The British historian and philosopher Robin George Collingwood (1946) in his book “The Idea of History” clearly distinguished theological interpretations of temporality from actually historical ones. He noted that the Enlightenment had proposed a particular way of thinking about the past -- to understand it as the past of people where such unclear subjects as gods or heroes, who were aided by gods as it had been represented in ancient myths, were not taken into account.
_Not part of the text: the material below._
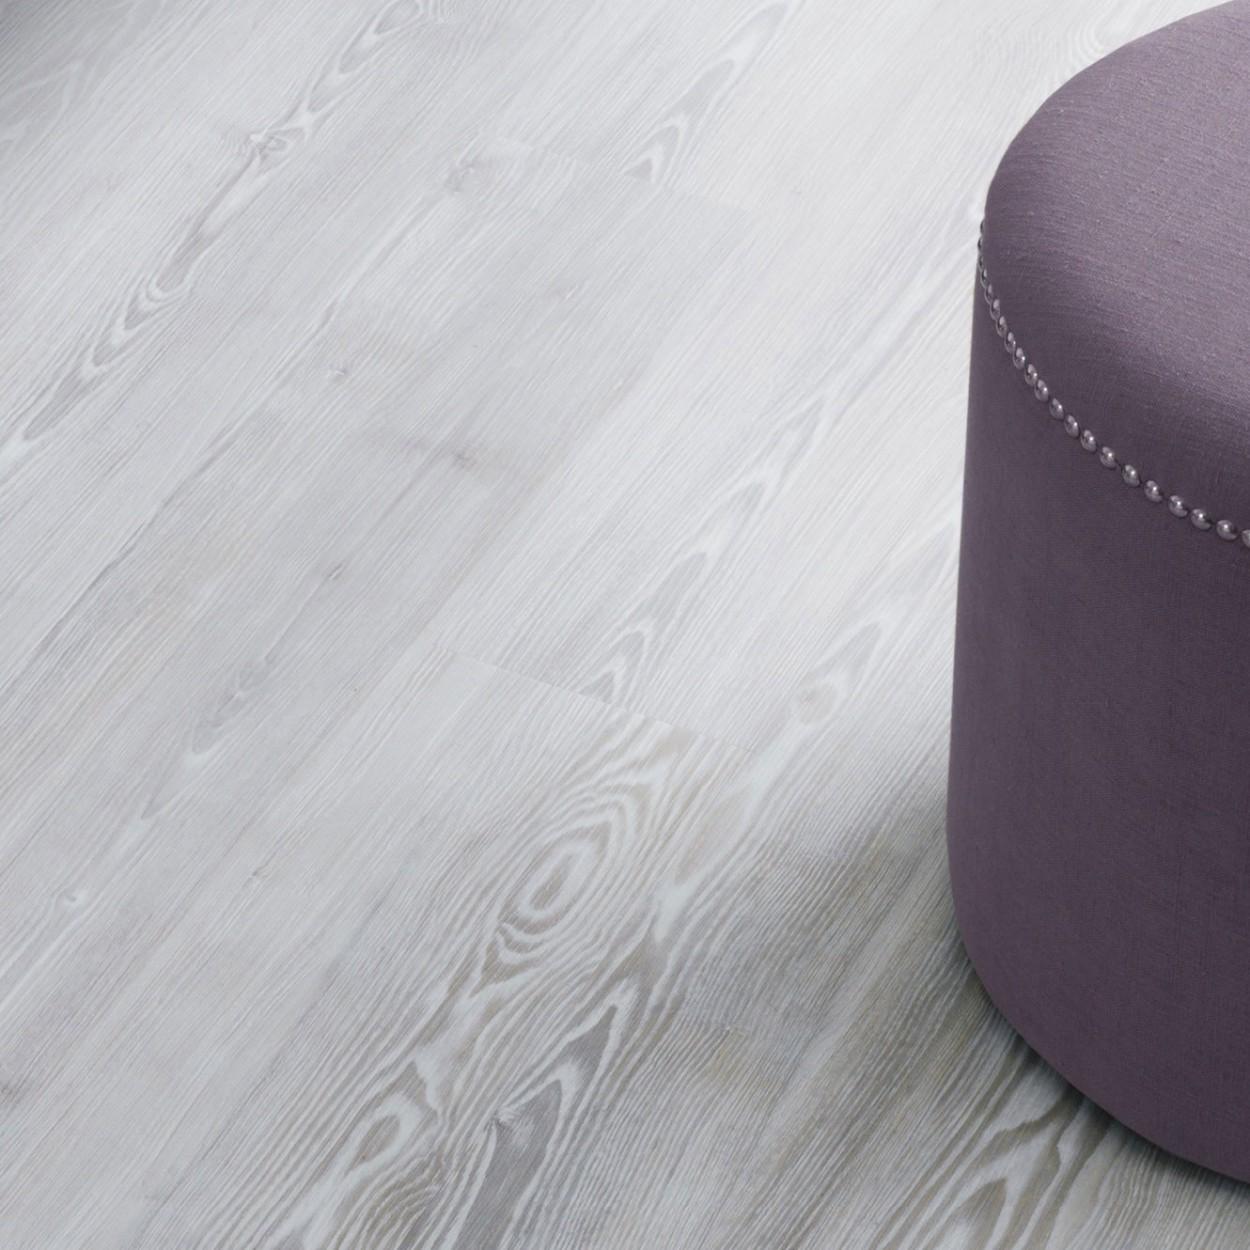 Amtico Spacia White Ash Flooring, White Ash Laminate Flooring

The human history denies a factor of some transcendental subject intermediation into the course of events. It studies finite, unique, fleeting states and facts that were caused and experienced by humans. Discourse on the human history, which emerged in the Age of Enlightenment, attests the human interest to their own nature and capacity limits. Historians have become a particular intellectual class whose opinion was based on autonomous reasoning from evidence, contrary to the previous history of “scissors-and-paste” depending on the authority of witnesses of the past. But critical history (“history proper”) relies on the historian as a self-authorizing researcher. Finnish explorer Jonas Ahlskog (2016) summarized the essence of “Copernicus turn” for scientific legitimation of history made by R. G. Collingwood in such words: “Absolutely fundamental to Collingwood's idea of the relationship between historians and their materials was a sharp distinction between testimony and evidence... In history proper, one does not merely believe the testimony of authorities. Rather, these “authorities” become only evidence from which historians, upon their own authority, infer answers to their own questions about the past” (p. 182).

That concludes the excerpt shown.